A Dallas County judge granted Jonathan Pitts bond Thursday after prosecutors asked the judge to delay his trial as they worked with police to determine whether case material was part of the information lost while the Dallas Police Department was moving data from a computer network drive. It was not immediately clear when Pitts would be freed from jail.
The release of Pitts, who is charged in the 2019 shooting of Shun Handy, was ordered as authorities race to determine how many cases may have had evidence vanish in the eight-terabyte data loss. It is unclear whether materials in Pitts’ case were actually lost, but prosecutors told Judge Ernie White that they needed more time to audit the file to be sure.
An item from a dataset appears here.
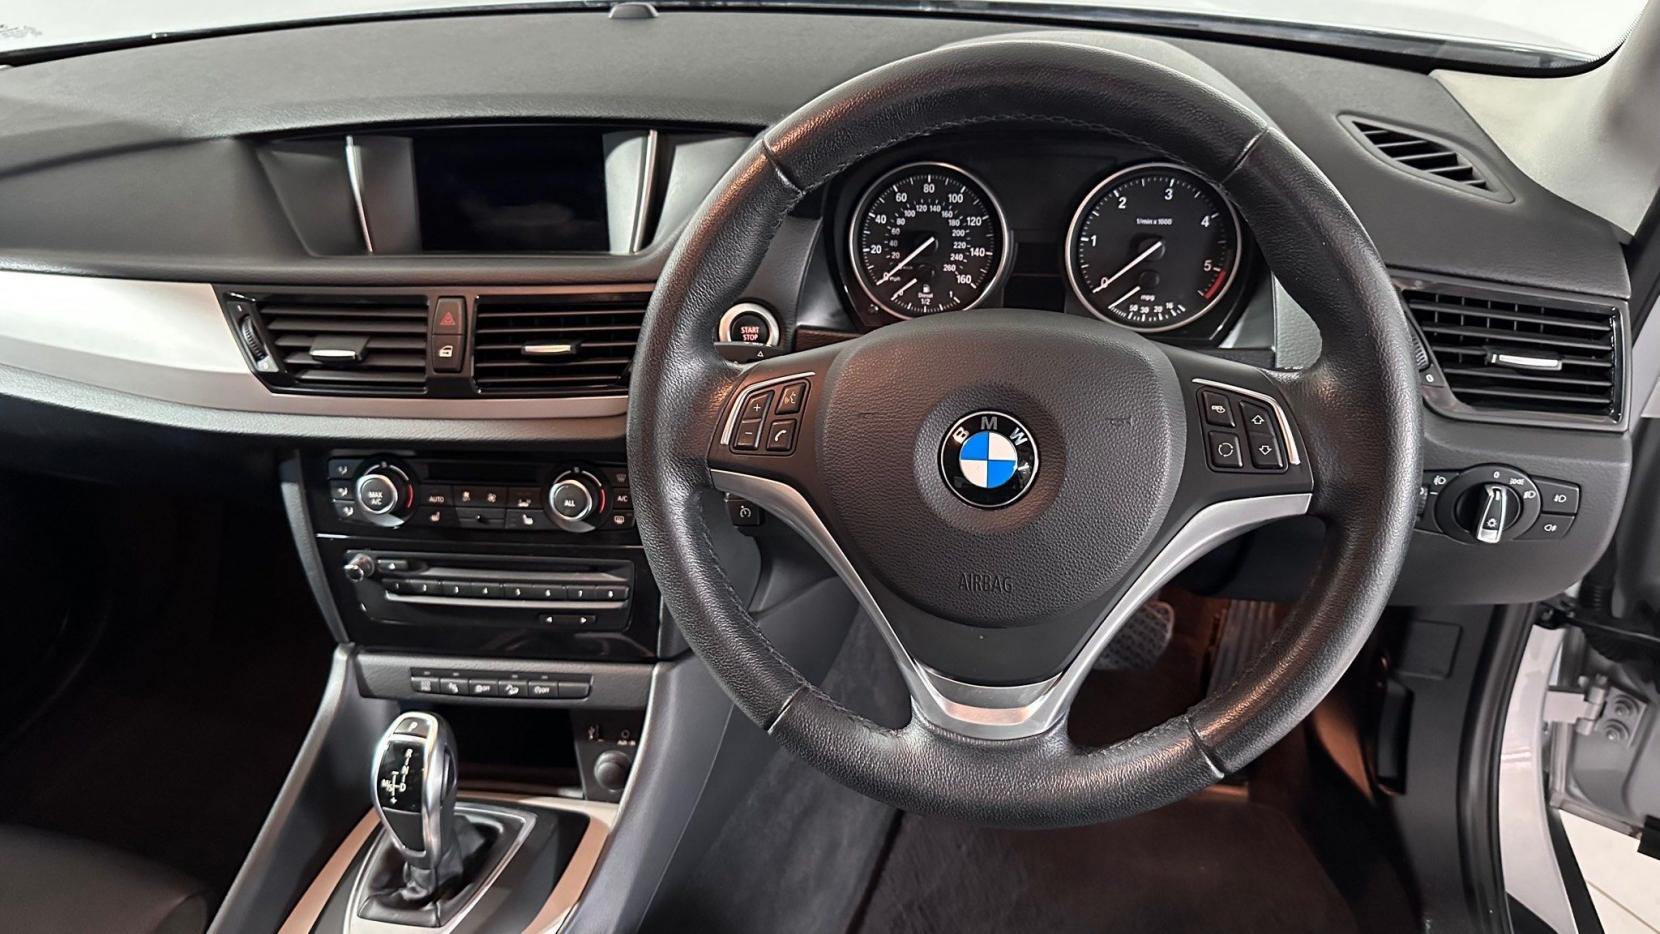 BMW X1 2.0 18d SE Auto xDrive Euro 5 (s/s) 5dr

White granted Pitts release without paying bail because state law requires a person be freed if prosecutors arent ready at the time trial, his defense attorney, George Ashford III, told The Dallas Morning News. The paper first reported Pitt’s so-called personal recognizance bond.
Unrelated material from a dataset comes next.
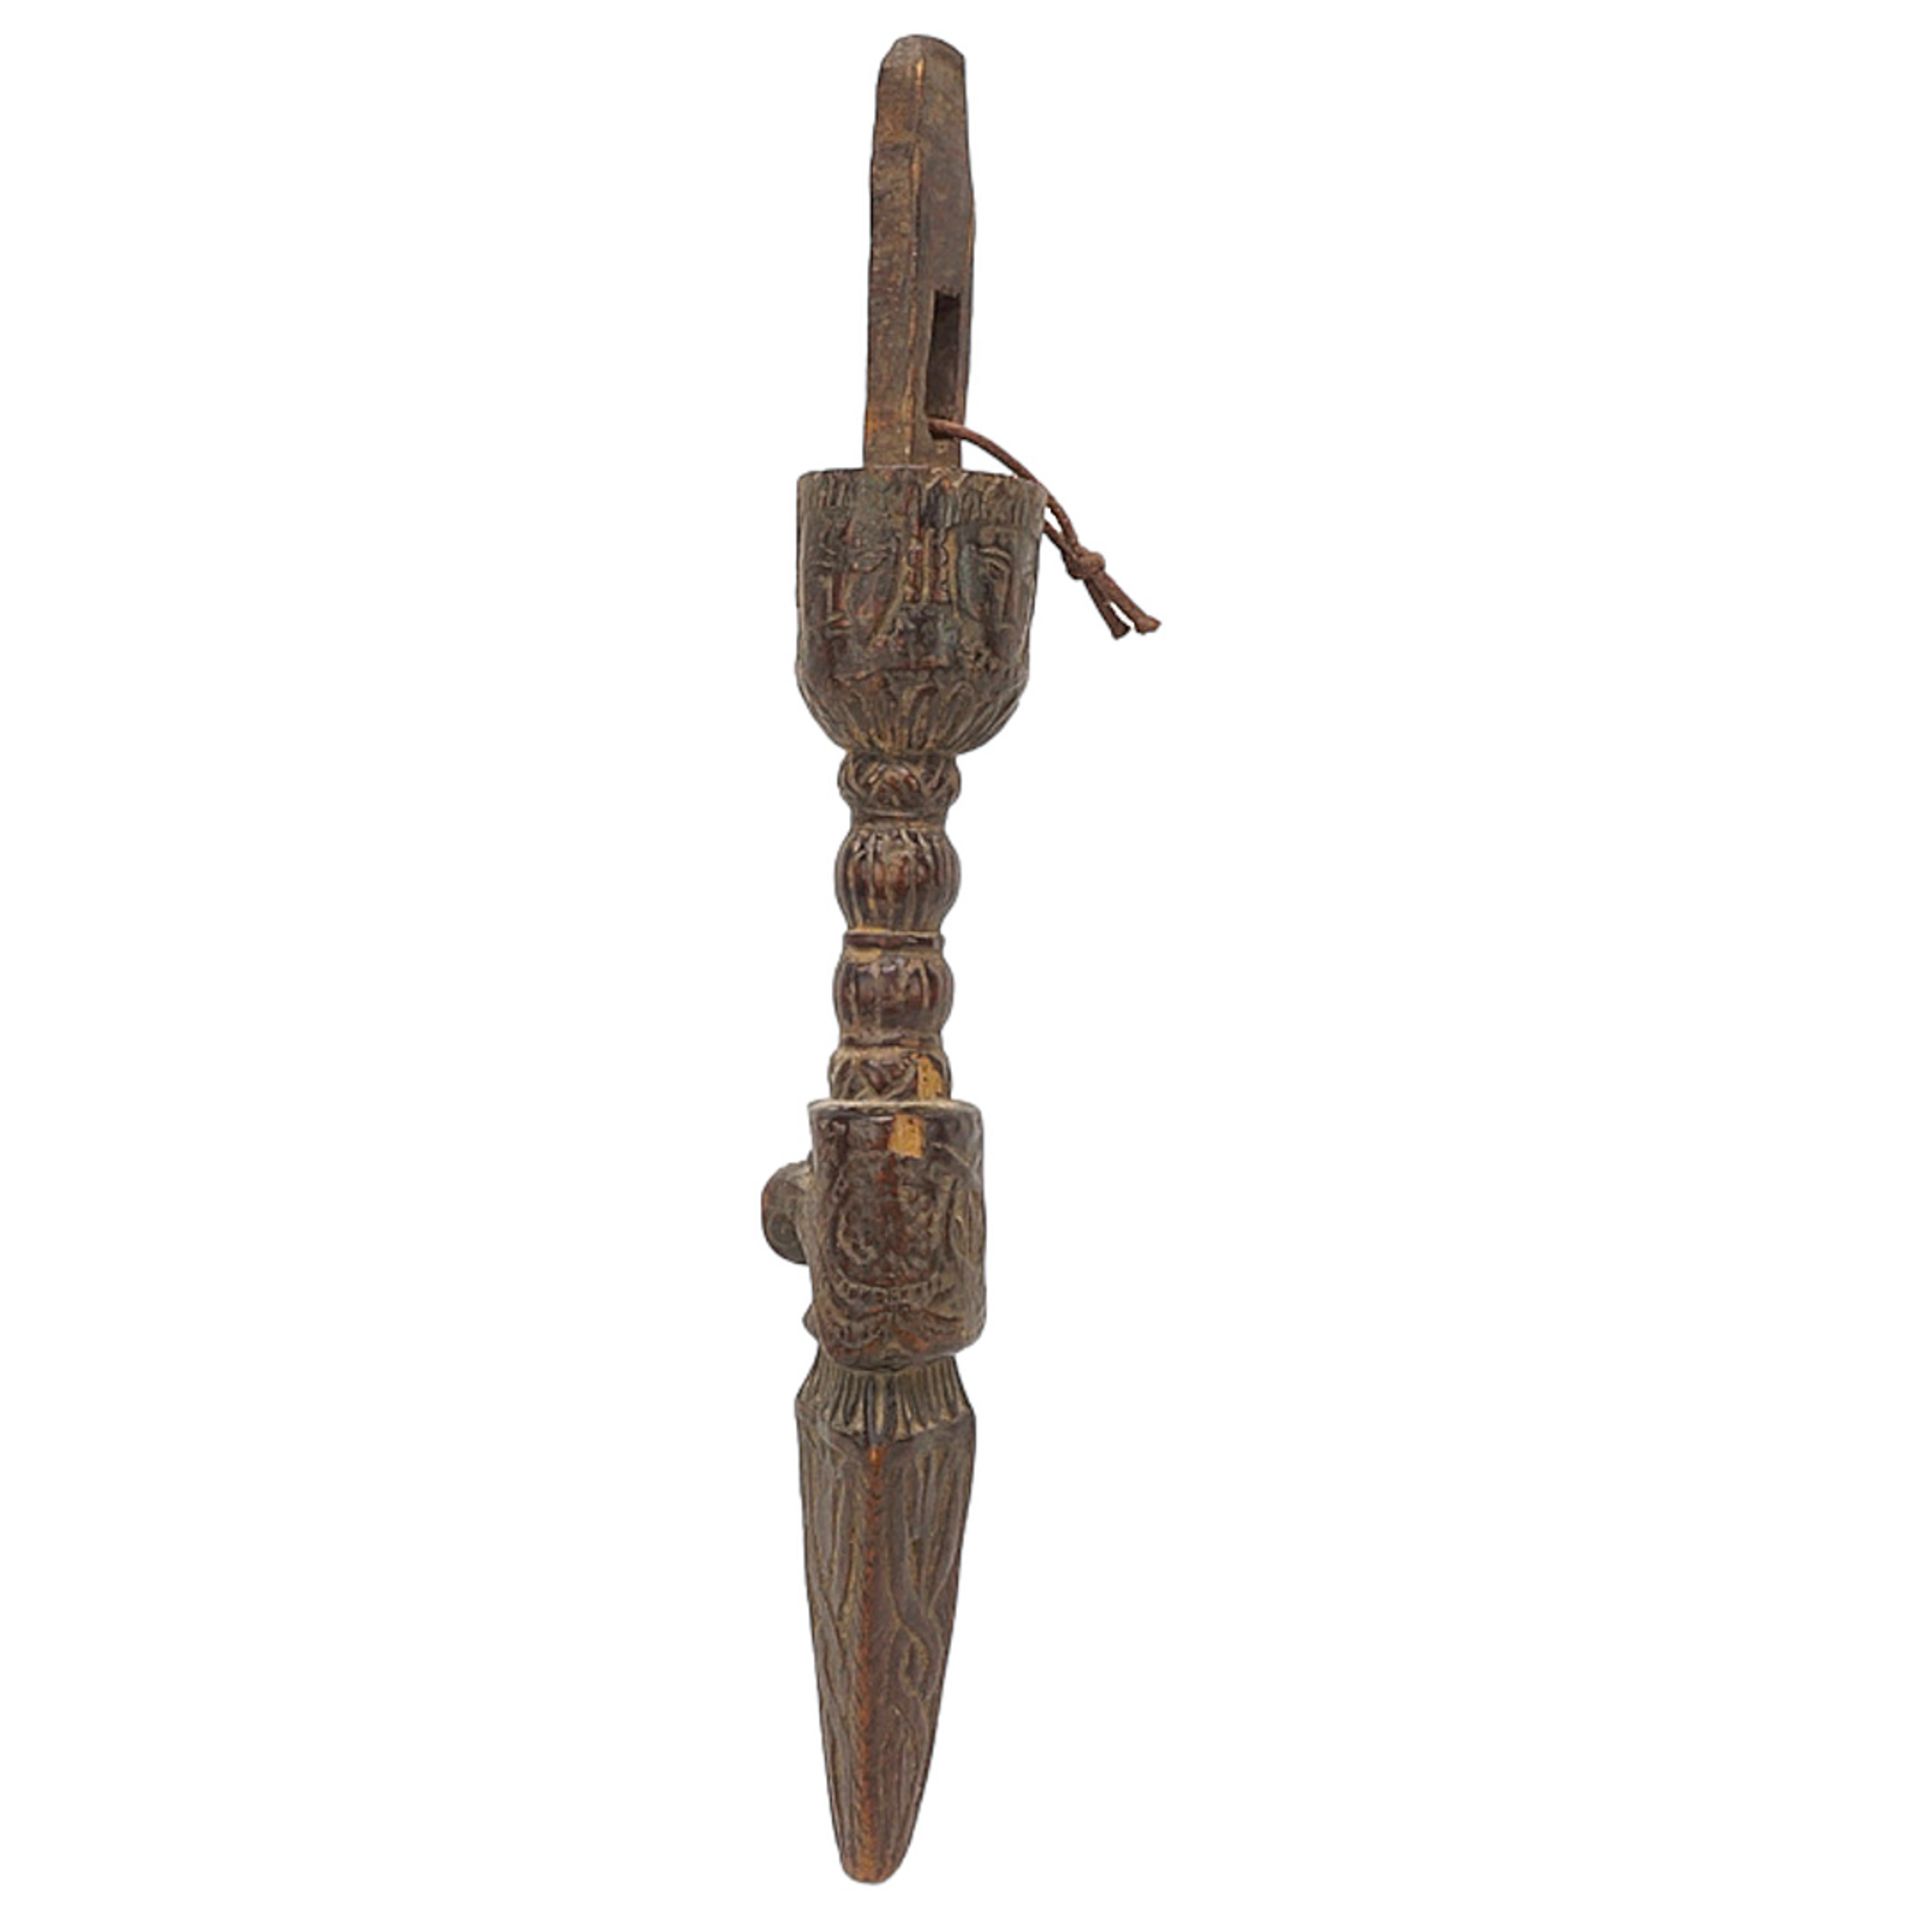 Phurba / Ritual Dagger, Tibet / Nepal, 19th century - Image 2 of 4

Mayor Eric Johnson said the release underscored the seriousness of the data loss.
The people of Dallas deserve answers about what happened, why top city staff kept it quiet for months, and what can be done to resolve these critical issues that affect public safety, Johnson said in a statement.
City information technology officials became aware of the problem on April 5. But the police and city IT departments did not reveal it to the district attorneys office until last Friday, after prosecutors inquired why they could not find computer files on pending cases.
The lost data included images, video, audio, case notes and other information gathered by police officers and detectives, police said in an earlier statement. A city IT employee was moving the files, which had not been accessed for the previous six to 18 months, from an online, cloud-based archive to a server at the citys data center. The employee failed to follow proper, established procedures, resulting in the deletion of the data files, police said.
A police spokesman referred questions about Pitts’ release to the city Friday, which did not immediately respond to a request for comment. Ashford did not immediately respond to a request for comment.